Recorded information ->
- Opening Delimiter -

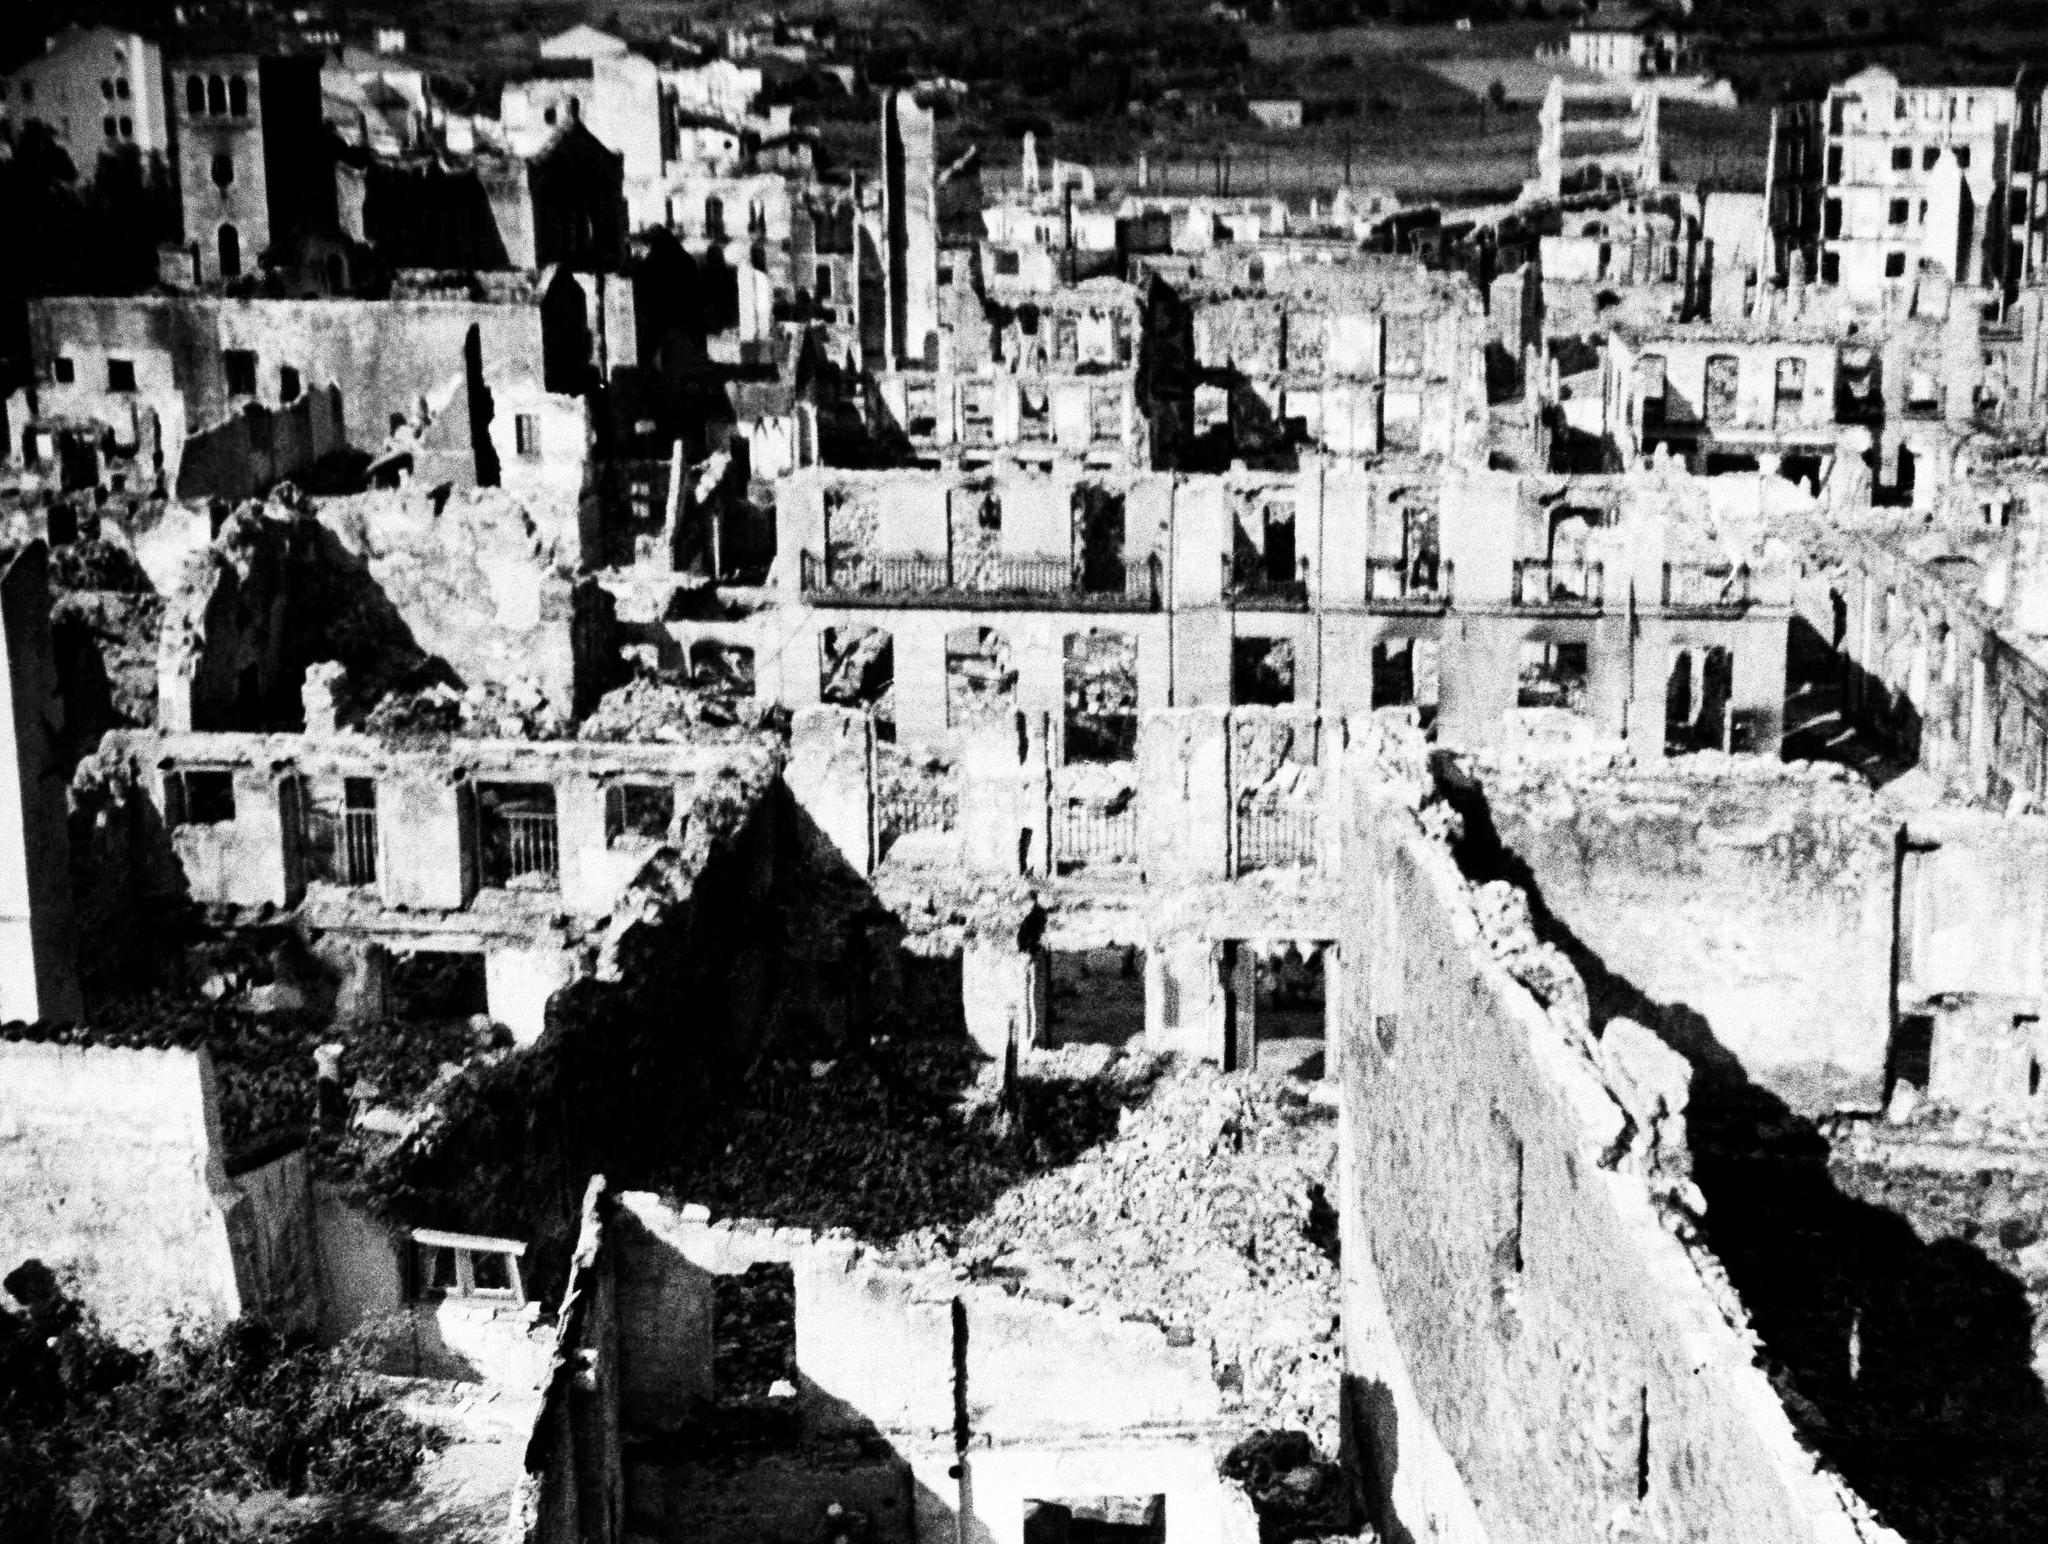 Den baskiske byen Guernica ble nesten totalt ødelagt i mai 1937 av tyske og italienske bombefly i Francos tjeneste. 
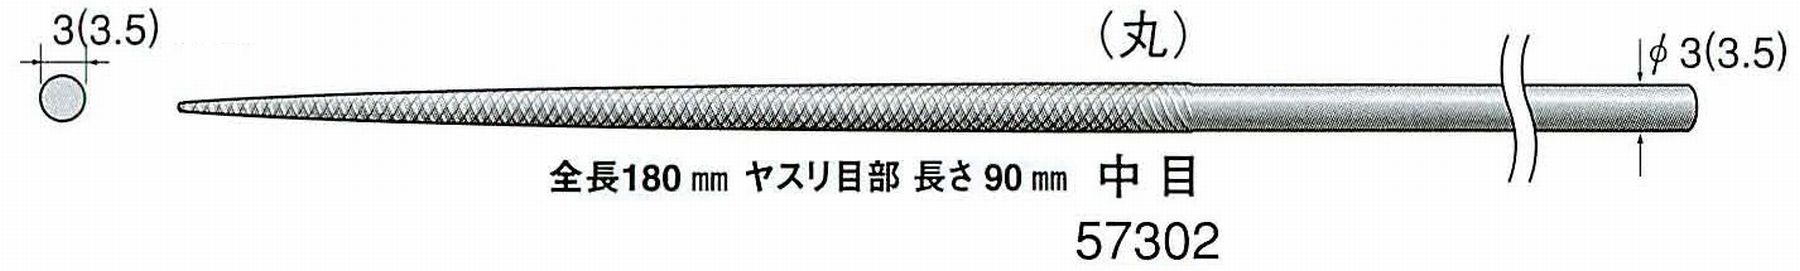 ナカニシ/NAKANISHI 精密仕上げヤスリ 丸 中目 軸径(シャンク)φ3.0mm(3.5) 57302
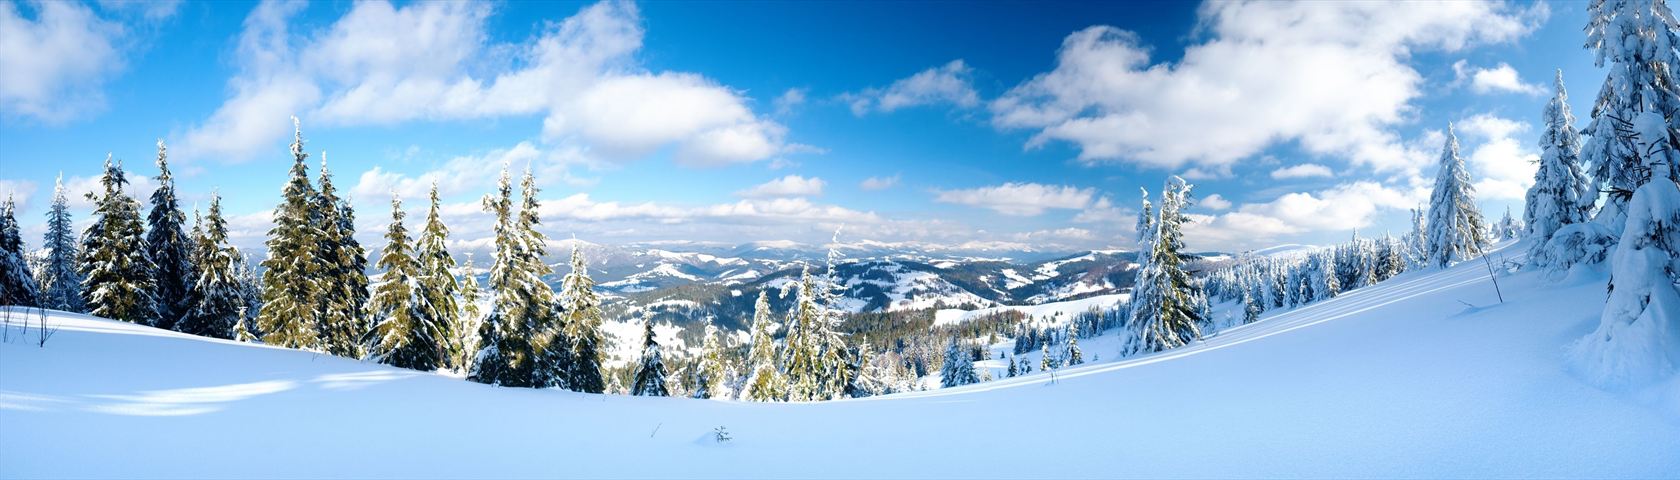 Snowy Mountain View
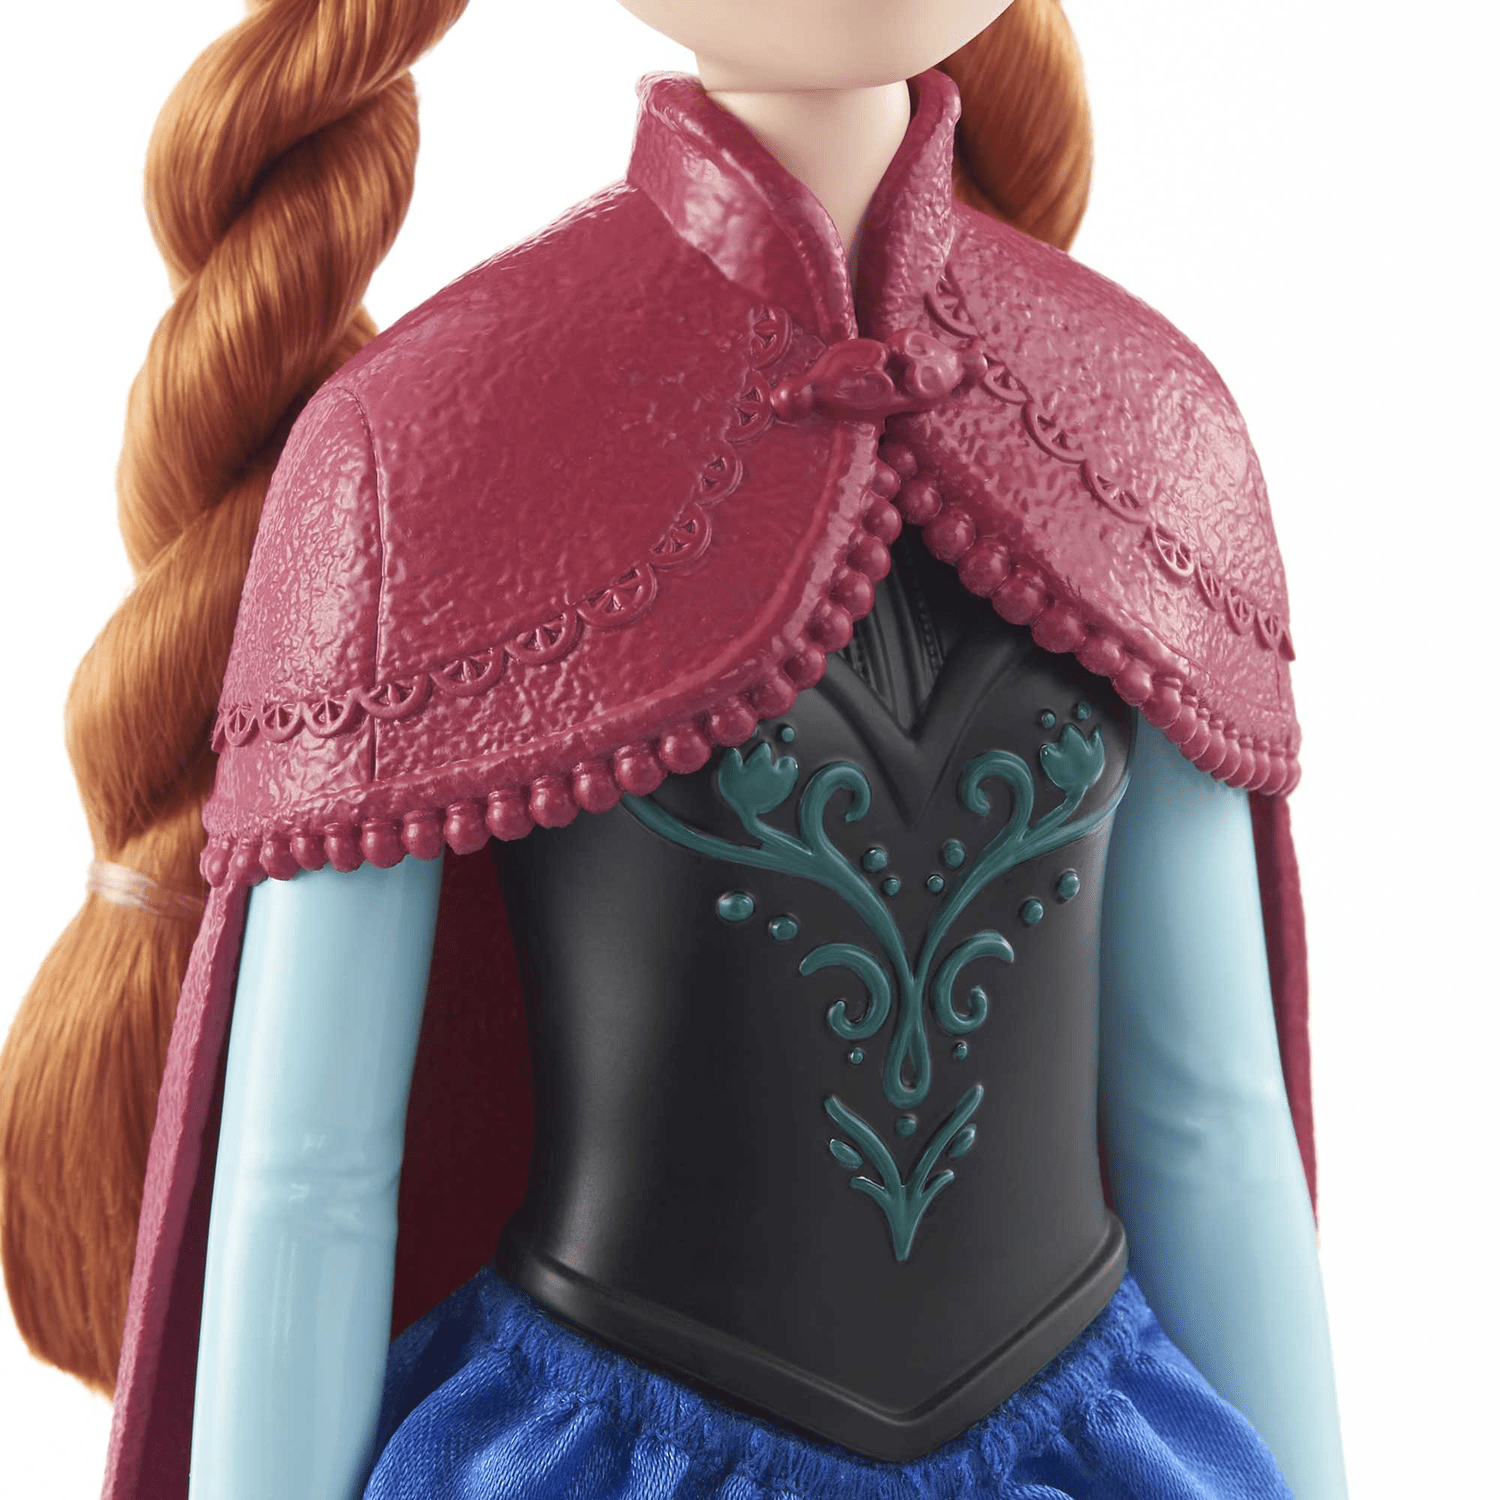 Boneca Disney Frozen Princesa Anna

- Closing Delimiter -

Task directions -> Retype the lines starting with the one that holds "ナカニシ/NAKANISHI 精密仕上げヤスリ 丸" and ending with the last line of the data above, both included; skip the pictures.

Written response ->
 ナカニシ/NAKANISHI 精密仕上げヤスリ 丸 中目 軸径(シャンク)φ3.0mm(3.5) 57302
 Snowy Mountain View
 Boneca Disney Frozen Princesa Anna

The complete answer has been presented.